Woodward has documented national broadcasters making the mistake on live television.

"In a golden moment from his reporting days, NBC anchorman Tom Brokaw ended a newscast with a panoramic sweep of the Boise front and the words 'this is Tom Brokaw, reporting from Boise, Iowa,'" Woodward reads from his book. 

We're the huge corn state, we have more hogs than people. We're not the potato state. - Kyle Munson, Des Moines Register

It should be noted that Brokaw is from the Midwest and spent some time at the University of Iowa.

Woodward says Deborah Norville made a similar mistake on the Today Show, and this year, ABC anchor Diane Sawyer also confused Idaho with Iowa on live television.

"They’re kind of similar sounding.

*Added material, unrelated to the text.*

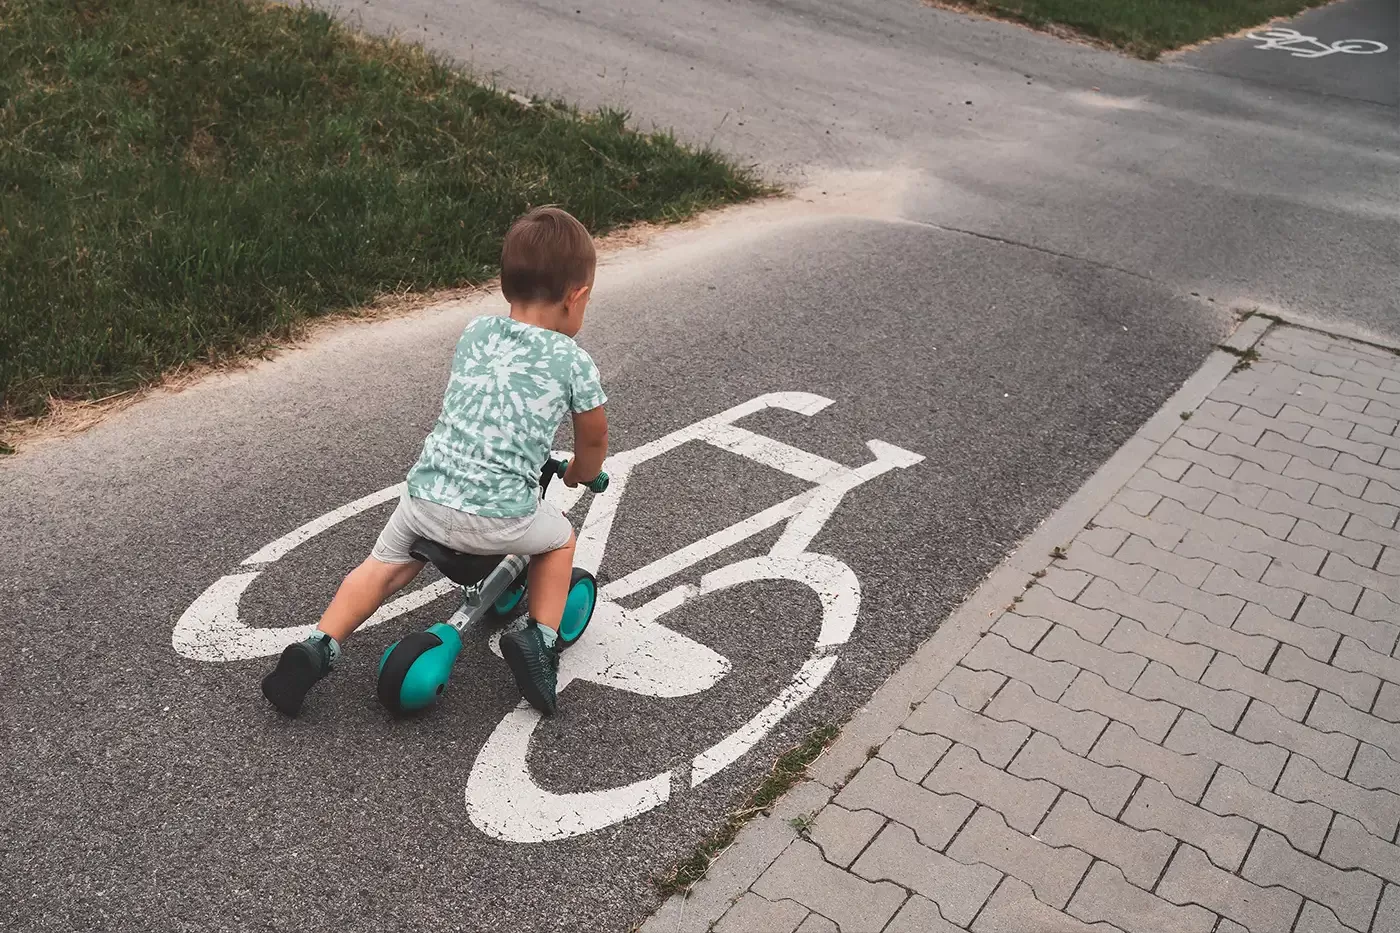 Photo of a young child on a bicycle

They both start with "I," they’re both agricultural states. Although, they couldn’t be much more different," says Woodward. "Idaho is one of the most mountainous states in the country. So, they don’t look much alike, but people confuse them all the time, it just never stops."

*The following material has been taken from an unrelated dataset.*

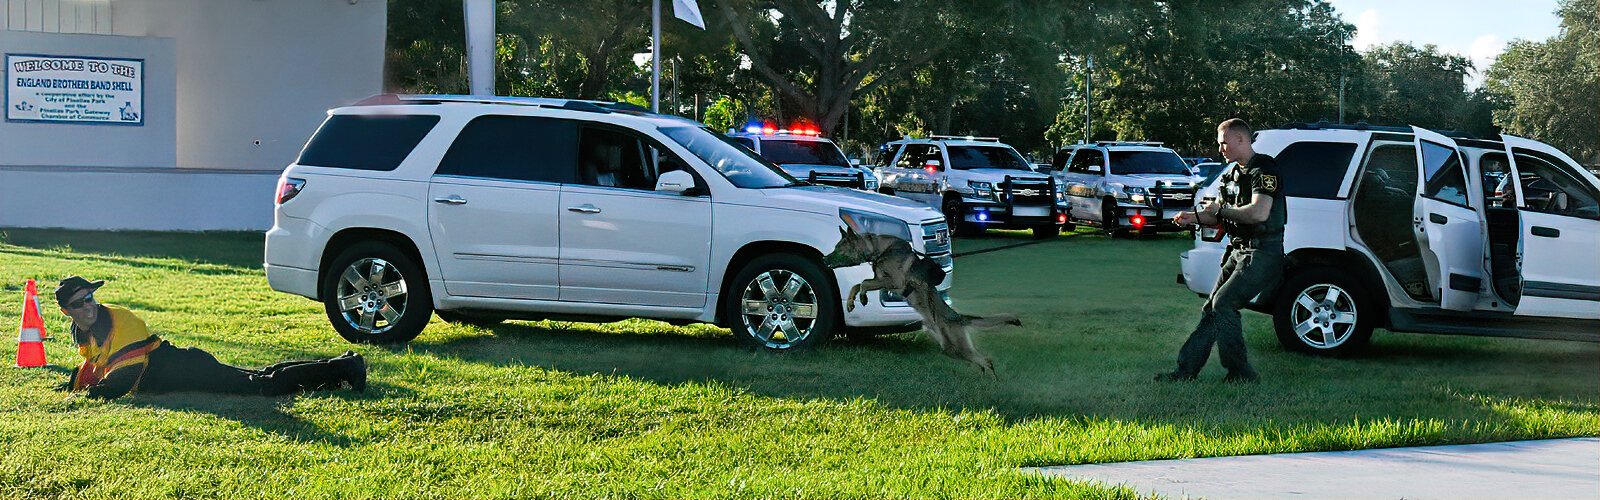 A scenario involving cars and a criminal suspect plays out at the K-9 graduation ceremony.

Woodward says he was always a bit surprised by the eminence of the people making the mistake. He recalls a wedding invitation from the White House that was mailed to Pocatello, Iowa. Just to be clear, Pocatello is in eastern Idaho.

A commercial radio station in Twin Falls, Idaho has teamed up with their sister station in Cedar Rapids, Iowa to try and end the misunderstanding with this video that's popping up across social media.

It seems Iowans are fed up too. Columnist with theDes Moines Register, Kyle Munson, says he hears about people making the reverse slip-up.

“We’re the huge corn state, we have more hogs than people," Munson says, "we’re not the potato state.” Munson says Iowa has a long-standing self-esteem issue that he thinks is slowly improving.

“We’re called fly-over country, so there's been this longstanding attitude where all the cultural innovation happens on the coast and people just forget about Iowa and the Midwest,” he says.

Still, Munson says native Iowans are a proud bunch. "They do take offense when we get confused with Idaho, or they lump us in with Illinois, Missouri, it’s common.”

At the very least, the Idaho-Iowa confusion has been a good deal for t-shirt makers. Boise company Fawn and Foal is selling this shirt that shows an outline of Idaho labeled "Iowa." Des Moines shirt maker, Raygun, went a step further hitting on the apparent mix-up among Idaho, Iowa and Ohio.

“[For] people on the coasts, New York, LA, wherever, Iowa might as well be Idaho,” says Munson.